[kioslave/file] Add a codec for legacy filenames
ClosedPublic

Authored by cfeck on Jan 10 2019, 5:40 PM.

Details

Summary

UNIX filenames can contain any bytes (except \0 and /). Qt's QFile::decodeName() calls QString::fromLocal8Bit(), assuming that all filesystems use the system's locale encoding. For filenames that have been created with a different encoding, and have not yet been converted (e.g. using convmv), this creates non-reversible U+FFFD (REPLACEMENT CHARACTER) code points in the filenames.

For example, some old-style archives might not contain any information about the encoding of the filenames, and even today archivers extract them without trying to convert to the locale's encoding.

While full support for those filenames is not needed, Dolphin should at least be able to delete, rename, and move those files. Since all actual (local) file handling is done inside the file kioslave, patching Dolphin will not help.

This code is a near verbatim copy of the code we had in kdelibs, written by Szókovács Róbert. Only minor adaptions to Qt5 were done. It decodes invalid bytes as U+10FExx from Plane 16 (Supplementary Private Use Area-B) to be able to encode them later.

Dolphin could detect filenames with those characters, and either mark them (by color or overlay icon), or even automatically offer to rename them.

CCBUG: 204768
CCBUG: 165044

Test Plan

touch "/tmp/test-"$'\377'".txt"
dolphin /tmp

Copying and deleting a test file worked with this code, failed without.

Diff Detail

Repository
R241 KIO
Lint
Lint Skipped
Unit
Unit Tests Skipped
cfeck created this revision.Jan 10 2019, 5:40 PM
Restricted Application added a project: Frameworks. · View Herald TranscriptJan 10 2019, 5:40 PM
Restricted Application added a subscriber: kde-frameworks-devel. · View Herald Transcript
cfeck requested review of this revision.Jan 10 2019, 5:40 PM
ngraham added a subscriber: ngraham.

I tried with my script that tried to reproduce that "kio skips files" issue
https://raw.githubusercontent.com/n3rdopolis/otherstuff/master/kiocopy
(changing the TEST_INVALID_UNICODE_CHARS=0 line to TEST_INVALID_UNICODE_CHARS=1 )
and then letting it run.
Unfortunately, I get "The file protocol died unexpectedly

cfeck updated this revision to Diff 49684.Jan 17 2019, 12:45 AM

Fix worst case estimate. We need up to two UTF-16 code units for each byte.

Awesome! For what I can input, base file operations work. I can copy, delete, rename files, and testing, and diffing the trees with my kiocopy test script, it copies them perfectly. However, for example, some of the files I cannot open with kate

cfeck added a comment.Jan 17 2019, 4:11 AM

It's possible that Kate doesn't use KIO for local files, but falls back to QFile. It _would_ be possible somehow (e.g. via the QPA plugins) to inject the hack into all Qt applications, but I suggest to improve Dolphin in a way that it shows an error message or even a rename dialog when trying to open or execute such a file.

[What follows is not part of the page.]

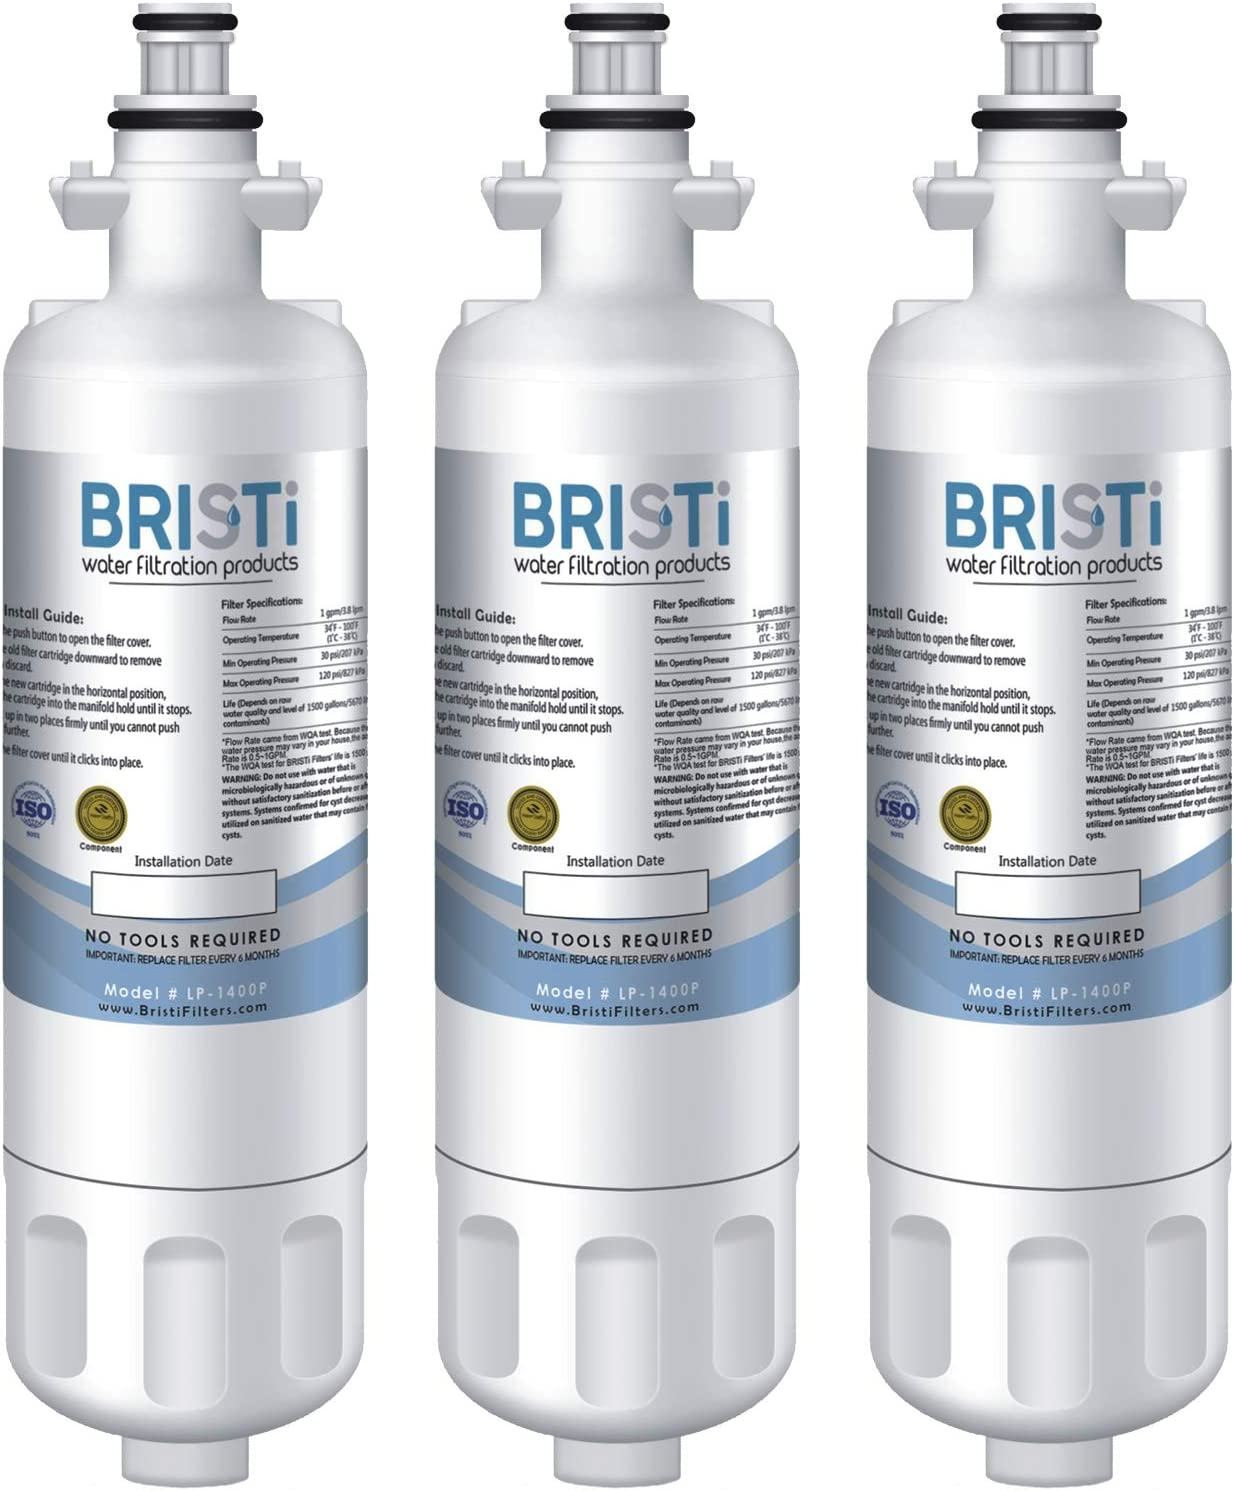 Bristi Refrigerator Water Filter 9690 Compatible LG Models: LT700P, ADQ36006101, ADQ36006102. Compatible Kenmore Models: 9690 & 46-9690. – Replacement for Refrigerators LP-1400P (3 Pack)

cfeck added a comment.Jan 17 2019, 4:12 AM

Thanks for testing, btw.

Wow, it's nice that this is fixable, I thought it wasn't.

I can't really review the code itself though, too clueless about utf8 details. Thiago might be able to review this.

Hi Christoph,

I just wanted to say thanks for working on this. It will be great when I can interact with these files again via KDE and its suite of apps.

The encode/decode functions were already reviewed for kdelibs4. It's the remaining code that needs review.

cfeck retitled this revision from [WIP/RFC] [kioslave/file] Add a codec for legacy filenames to [kioslave/file] Add a codec for legacy filenames.May 16 2019, 10:55 PM
cfeck edited the summary of this revision. (Show Details)
dfaure accepted this revision.May 17 2019, 7:19 PM
dfaure added inline comments.
src/ioslaves/file/legacycodec.cpp
118

[it would be so much more readable to move the assignment to the previous line...]

src/ioslaves/file/legacycodec.h
21

this "1" here is unusual :-)

36

remove the extra ';', some compilers warn about that.

This revision is now accepted and ready to land.May 17 2019, 7:19 PM
This revision was automatically updated to reflect the committed changes.